We recall that the Centaur system is used as the implementation platform for the ASF+SDF Meta-Environment. In [24] we can read that the rivalry between the metalanguages ASF+SDF and Metal/Typol has been a fruitful source of inspiration for the development of the ASF+SDF Meta-Environment. Needless to say that both systems are strongly related. An important difference between the two approaches is that in the ASF+SDF Meta-Environment the abstract syntax is automatically derived from the concrete syntax and vice versa. In the case of Metal/Typol the form of the abstract syntax tree has to be defined by hand, so the unparsing cannot be generated, but needs to be specified by hand. A language called PPML [77] is used for that purpose.

In [19] a tool for building application generators called Stage is discussed. In [20] this is extended with the tools PG2 and WOODS . This effort has lead to a commercially available tool for building application generators discussed in [95] that is called Metatool . This tool is used in [29] to construct the GENOA/GENII system.

Historical Remarks

Let us make a few historical remarks, to give an impression of the myriad of systems that contributed to the current state-of-the-art in programming environment generation. The just mentioned formalism Metal has originally been defined for the Mentor system [31] (later also published in [32]). The kernel of Mentor is a syntax-directed editor, in which every object is represented as an abstract syntax tree. It is one of the first syntax-directed editors. In [56] we see that in the early eighties the Mentor system constitutes the core of an interactive programming environment that is language independent and has multi-formalism support. Another such system is the CEYX system [48] which was the predecessor of the Centaur system. An early syntax-directed editor is ALOE [75]. It evolved in the direction of an integrated programming environment [74]. Another well-known system for the generation of full-screen syntax-directed editing is the synthesizer generator [83] (see also [84]). In this system the goal was to also integrate additional program analysis and translation tools. Note that in this paper we generate such analysis and translation components. The underlying formalism of the synthesizer generator is the use of attribute grammars. This is different from the approach taken in the Mentor system and the ASF+SDF Meta-Environment. For an elaborate comparison and survey of Mentor, the synthesizer generator and the CEYX system we refer to [62]. For the prehistory of the ASF+SDF Meta-Environment we refer to [47].
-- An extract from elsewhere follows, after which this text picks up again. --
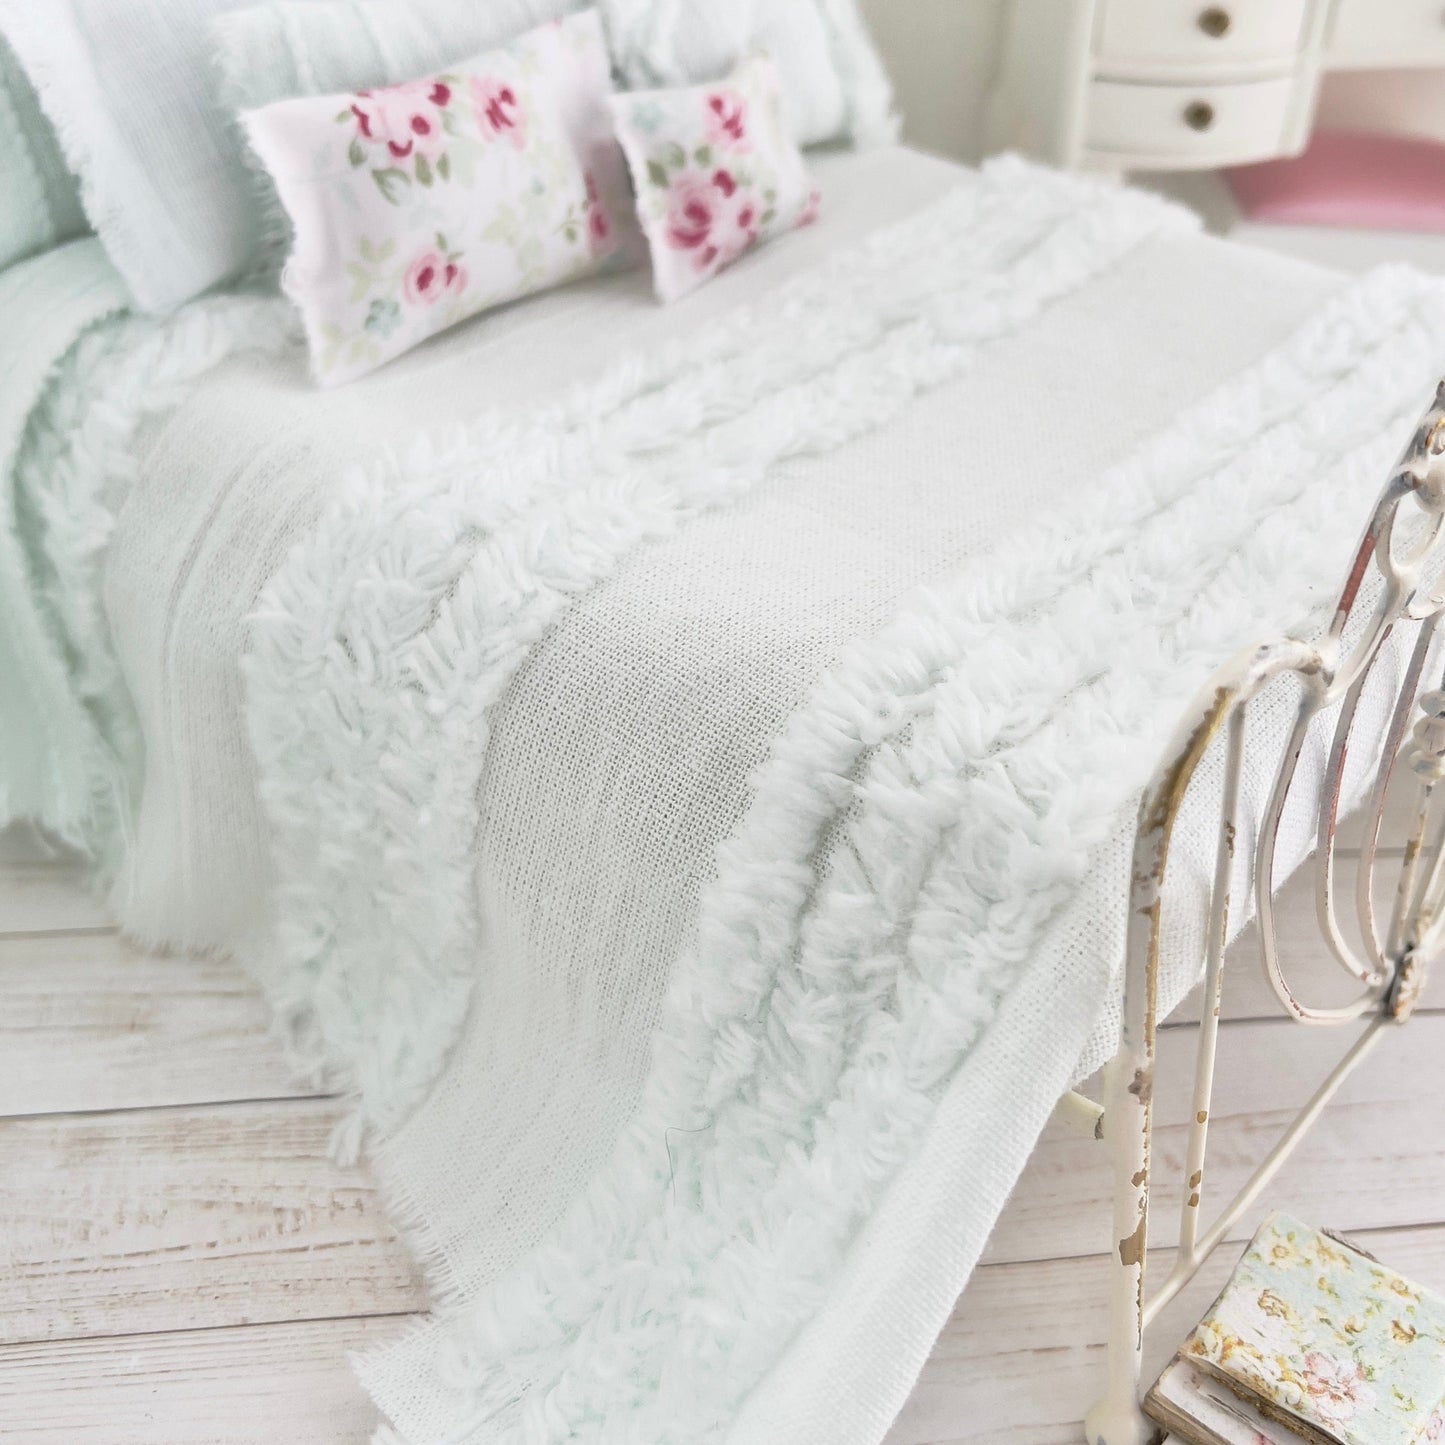 Chantallena White Bed Linens Torn & Tattered- Ten Piece Hand Frayed Pale Green Cotton Chenille Bedspread Set | Shawna

There are many more systems being reported on in the literature with the same goal as the ASF+SDF Meta-Environment: generation of interactive programming environments. We mention some of them but we will not treat them here. We mention the PSG system that produces interactive, language-specific programming environments from formal language definitions [4]. The Gandalf system enables the semi-automatically generation of programming environments [42]. The Pan Language-based editing and browsing system is a multi-language window-based editing system that is fully customizable and extensible [5]. Then we have the compiler construction system Eli, which is an open system where it is easy to add tools or replace them; everything controlled by an expert system [41]. There is the language development laboratory whose main components are a tool for language design based on a component library and a knowledge-base plus a test set generator for the generation of program examples to test the defined language [86]. In [36] IPSEN, Integrated Project Support Environment, is discussed. It uses PROGRESS, a formal language to based on graph rewriting [87].

REFINE and ASF+SDF

Within the reengineering community we receive questions about the differences/similarities between the REFINE language of Reasoning's Software Refinery tools and the ASF+SDF Meta-Environment that supports the ASF+SDF formalism. We discuss their relations and differences here. We start with some historical quotes. In an early publication on REFINE [96] we can read:

One of the authors (G.B. Kotik) is currently with Reasoning Systems, a company founded in 1984 in order to apply the body of basic research in knowledge-based programming to commercial problems. Reasoning develops special purpose knowledge based program generators and programming environments for various domains. Promising applications are in fields where highly reusable specifications can be built, where there is a great utility in developing and prototyping formal very-high level specifications.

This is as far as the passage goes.